Honduras, however, is closer. Last year the nation’s oligarchs and the military forced out the elected President, Manuel Zalaya, who was doing too much for the poor of his country, who make up the overwhelming majority of the population. While Lula’s Brazil offered dramatic support, sheltering Zalaya in their embassy- signaling, at least, that he wasn’t going to tolerate coups returning as a Latin American trend – the Obama administration tacitly blessed the overthrow by doing nothing to help Zalaya. Sham election were eventually held, but the left wasn’t allowed to participate and the winner of a run-off between two pro-oligarchs was embraced by the US.

It is in this context that perhaps the greatest Honduran side in history takes the field in South Africa. Made up entirely of Indiginous, mestizio, and African-Honduran players, the side resembles the population of the country – not the oligarchic families who have ruled the nation since it’s inception.
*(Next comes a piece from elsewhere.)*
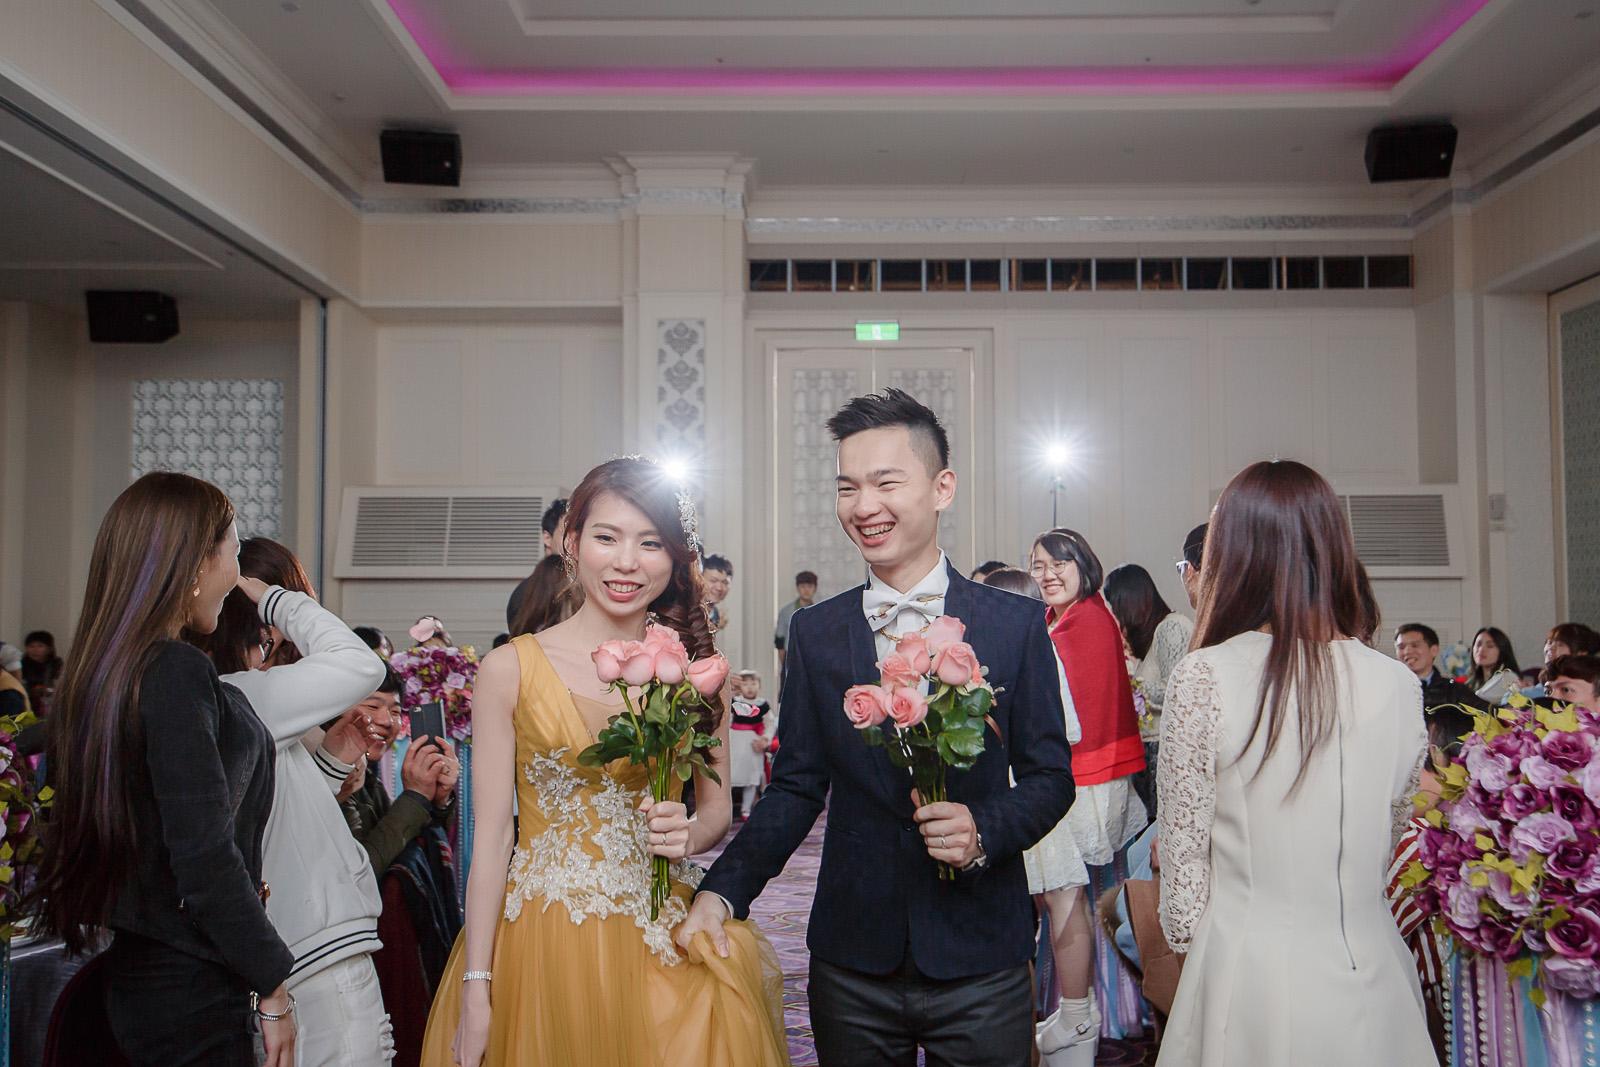 高雄圓山飯店,婚禮攝影,婚攝,高雄婚攝,優質婚攝推薦,Jen&Ethan-281

Wilson Palacios, of Tottenham Hotspurs, and Maynor Figueroa of Wigan Athletic are both established stars in the English Premier League – and while the side is given little hope of advancing from a first-round group that includes tournament favorite Span and a Chilean side considered one of the sleepers in the tournament, Honduras is poised to be much more competitive than the nation’s fans could ever have expected only a few years ago.

So, what does a national side like Honduras represent, if anything, politically to its fans, to the nation – what about to political-minded people around the globe. Should the team be shunned, rooted against as there’s a long-history of repressive political regimes embracing successful national sides for their political gain and glory (a sin the left is as guilty of as the right, witness the propaganda surrounding Soviet and Eastern European sides during the cold war years) – or should the team be embraced as the champions of the people of Honduras.

It seems almost a foreign question to ask in 2010 – was in the 60s and 70s? Has anything changed in this regard? Many sports journalists loudly declare that such questions are inappropriate, that they ruin the game on the field, that fans hate such intrusions into the sanctuary from the “real world” that spectator sports provide for fans. To my mind, those journalists simply should shut up, they speak only for themselves, as they, in effect, demand that sports fans be infantile and stupid – all the sports fans I know are more than capable of enjoying and revelling in the games on the field while also considering the deeper issues of the day, often looked at directly through the lense provide by the sports events itself. Texts have many readings, and this is as true of sports as it is of art and literature – in fact, anyone who suggests you shouldn’t let your mind go wherever it wants when involved in leisure activities (i.e. watching or playing sports) would be very unpopular on the playground.

Though, of course, much of the world will object that soccer is much more important than a leisure activity – but the texture of that objection is not at the inclusion of politics and economics but clearly through its inclusion – look at the majority of Manchester-based Man U fans who embraced the protest movement against the current American owners demanding that the team essentially be socialized – and, in general, the finances of global soccer have provided a clear window into the brutally unjust fall-out from the global financial crisis (clubs folding, others being propelled to the top of the game via some international billionaire as deus ex machina).

Of course, Honduras has a priveleged and infamous place in the history of soccer and politics – as a four day war broke out between El Salvador and Honduras after their national teams squared off for a World Cup qualifying match in July 1969. the conflict, known as the Soccer War. The military battle was inconclusive – less so on the soccer field as El Salvador proceeded to qualify for the finals in Mexico in 1970.

The episode betrays the level of passion for football in Honduras and throughout Central America (and, of course, the world). As the domestic situation in Honduras remains on a razors edge, and the sport as central to the lives of Honduras, the nuances of the political significance of this year’s national team is an issue that The People’s Game will unearth.